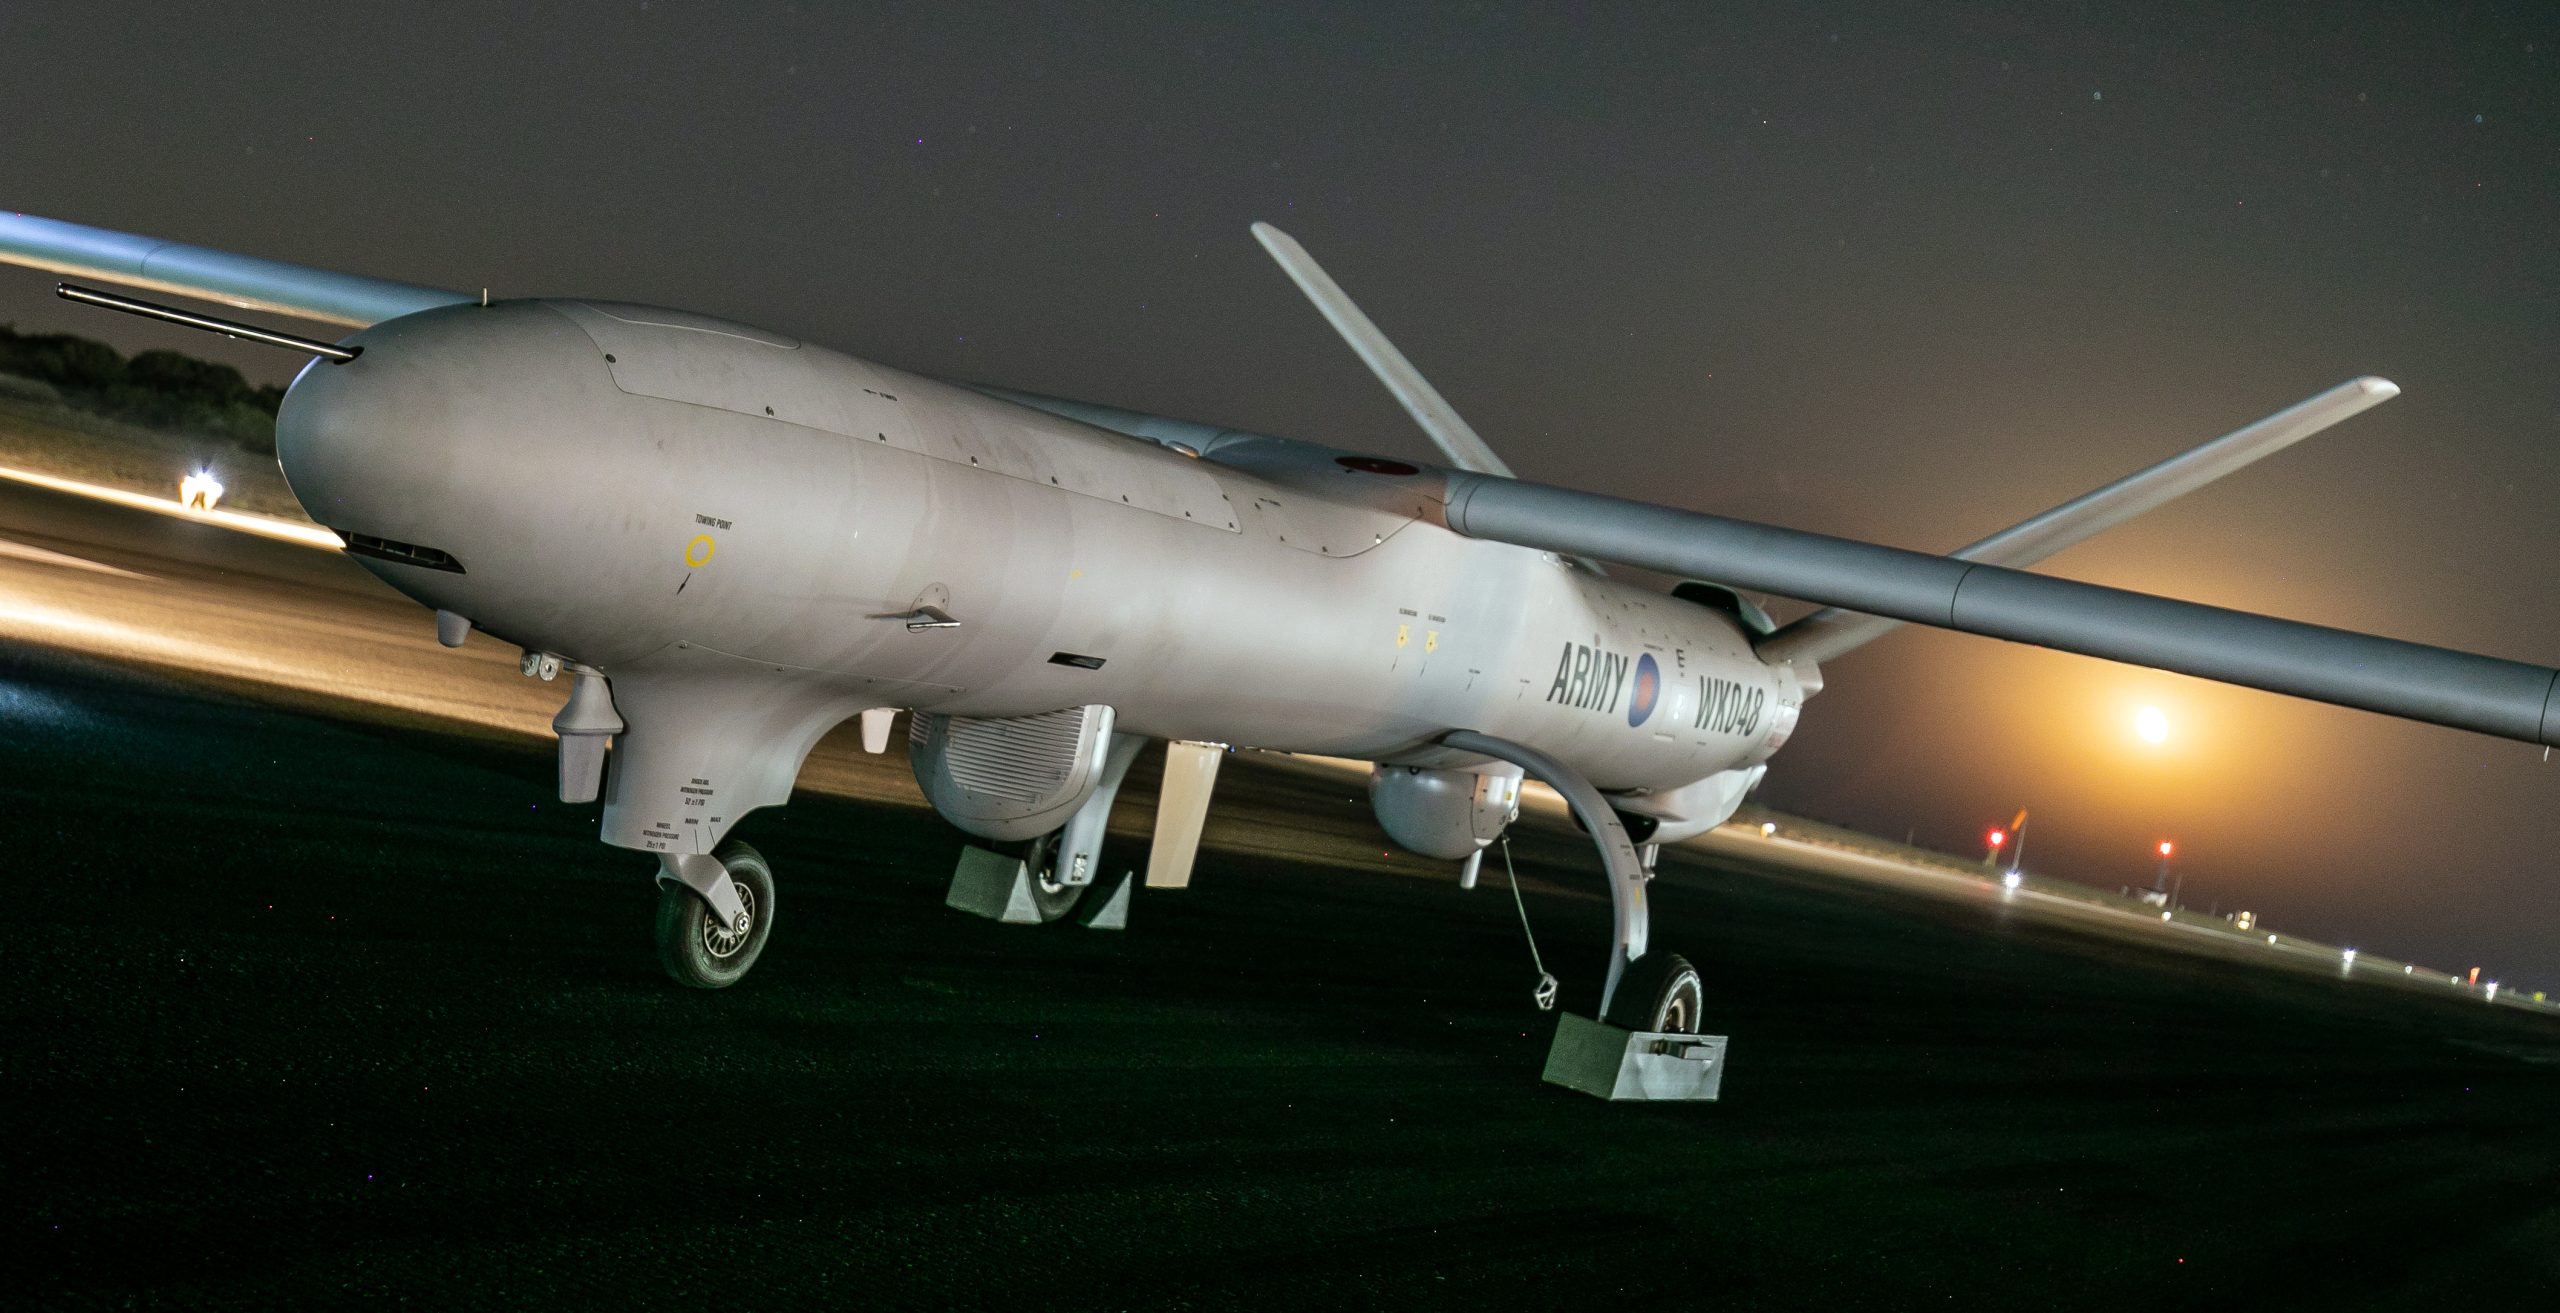 UAV τύπου Watchkeeper του βρετανικού Στρατού κατέπεσε ανοικτά των ακτών της Κύπρου
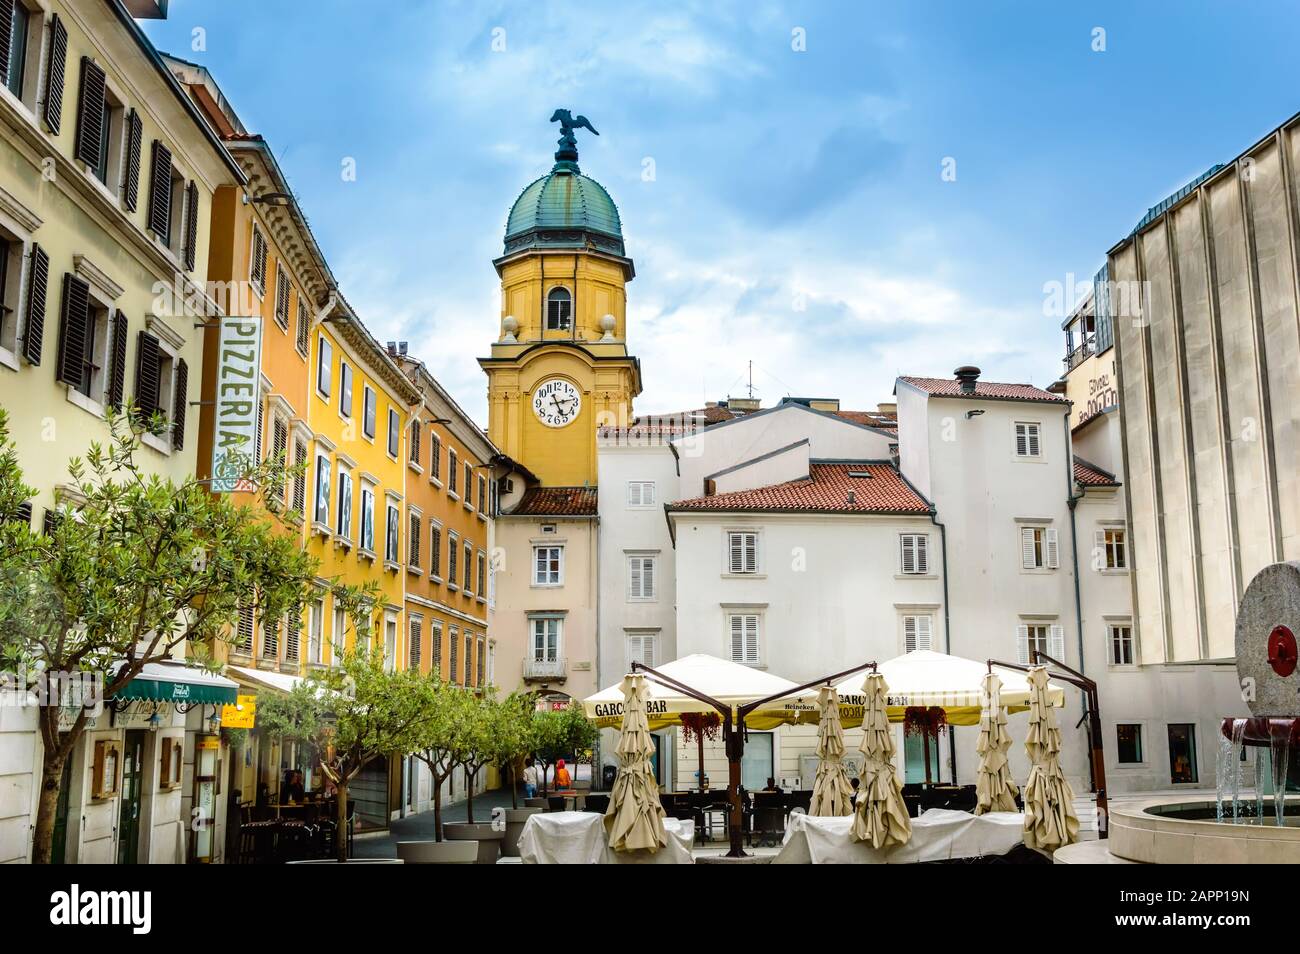 Rijeka, Kroatien - 19. Mai 2019: Platz hinter dem gelben City Clock Tower mit Café-Tischen, Sonnenschirmen und Olivenbäumen an einem sonnigen Tag. Gelbe Gebäude mit Witz Stockfoto
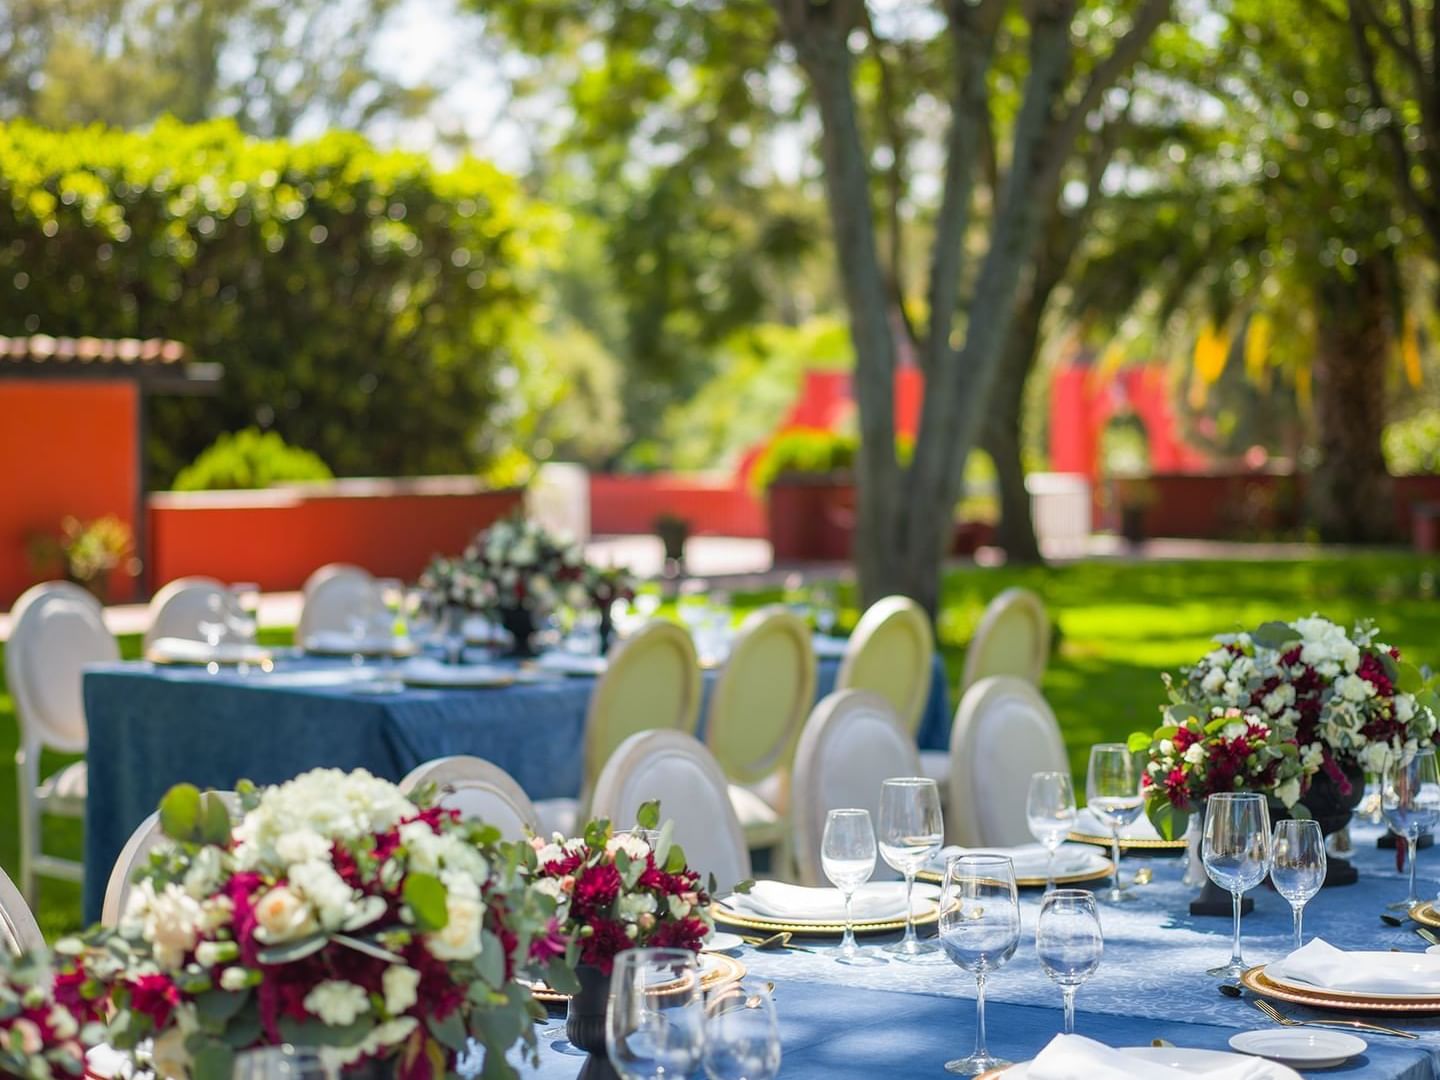 Floral table arranged at Rosales Garden in La Colección Resorts
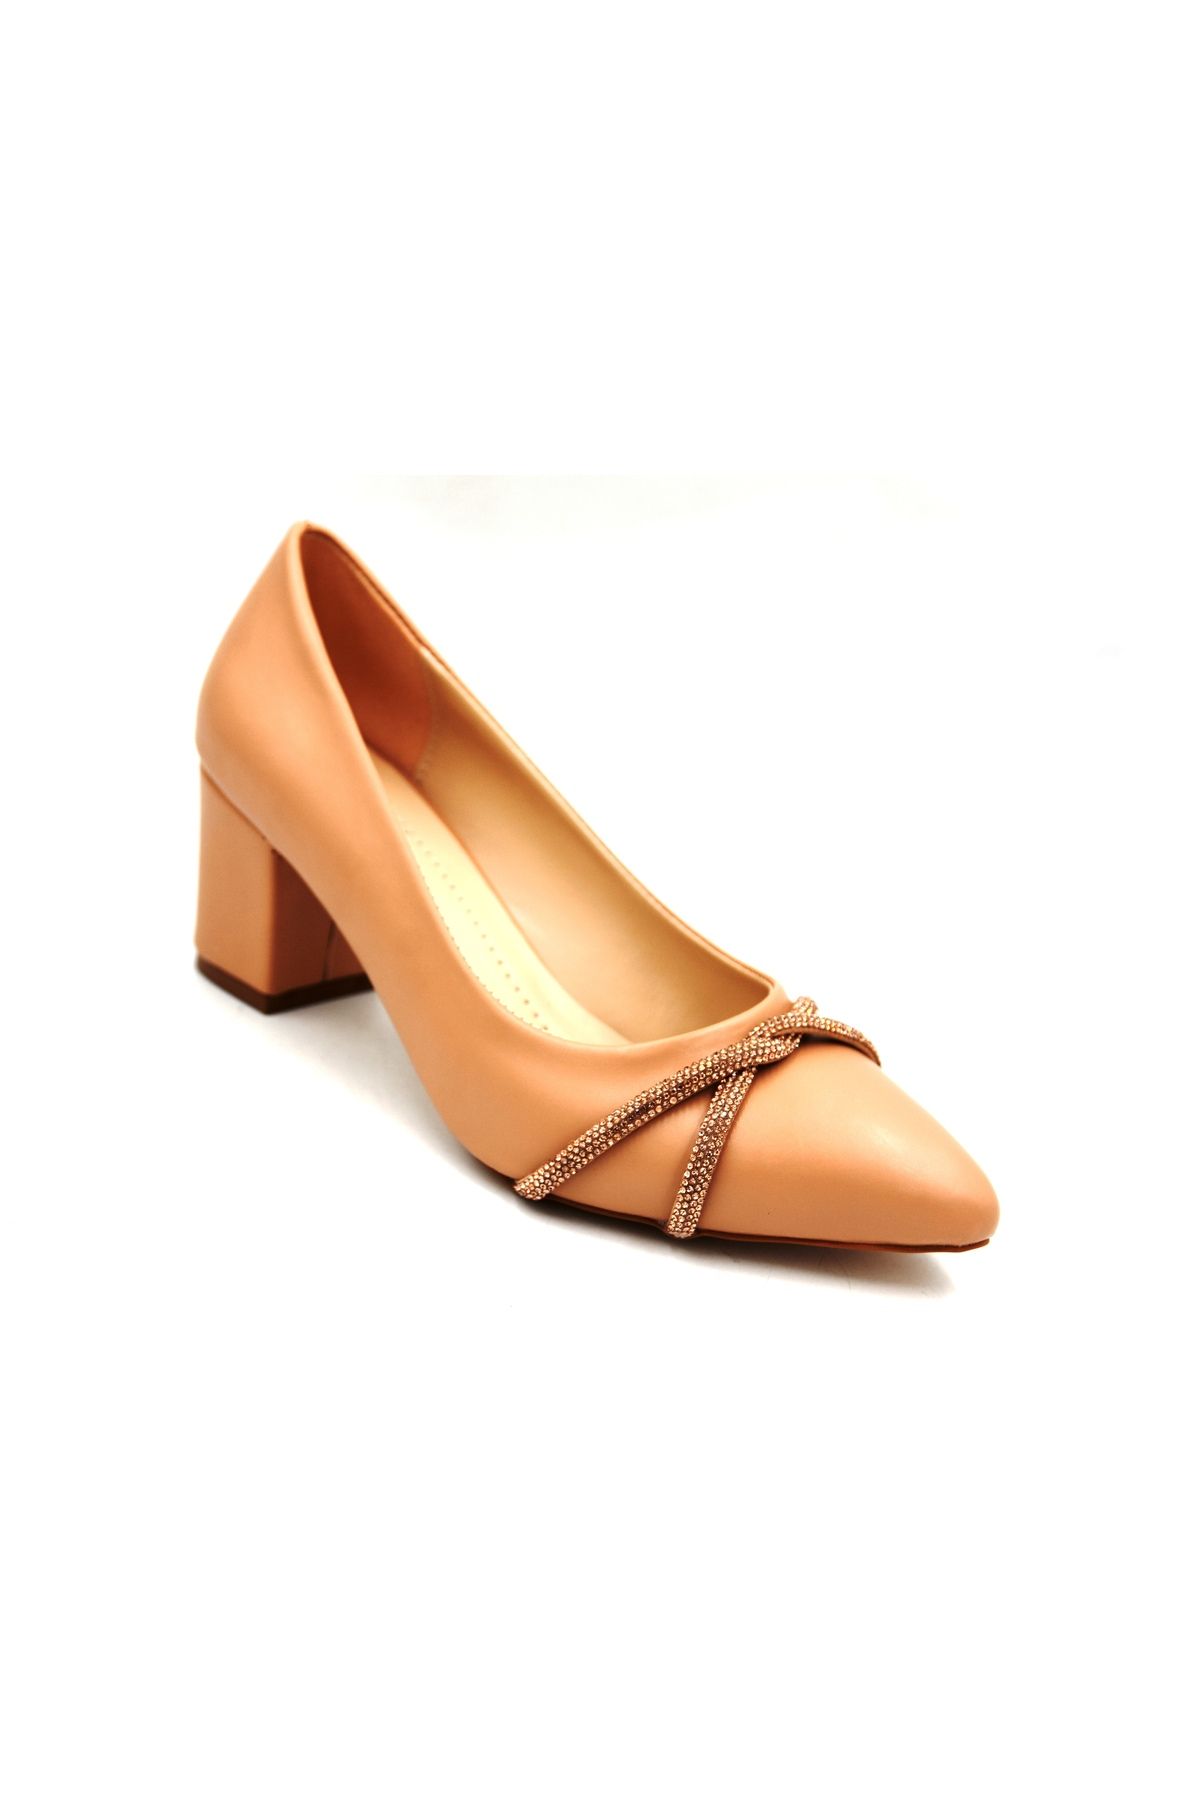 Prego (Oc Shoes) Kalın Topuklu Taş Biye Desenlik Kadın Ayakkabı NUT

* **Description of the task**:
Starting at the line that holds "Rijeka, Kroatien - 19.", reproduce each line through the last one of the listing, and nothing more; the pictures stay out.

* **Solution**:
 Rijeka, Kroatien - 19. Mai 2019: Platz hinter dem gelben City Clock Tower mit Café-Tischen, Sonnenschirmen und Olivenbäumen an einem sonnigen Tag. Gelbe Gebäude mit Witz Stockfoto
 Floral table arranged at Rosales Garden in La Colección Resorts
 Prego (Oc Shoes) Kalın Topuklu Taş Biye Desenlik Kadın Ayakkabı NUT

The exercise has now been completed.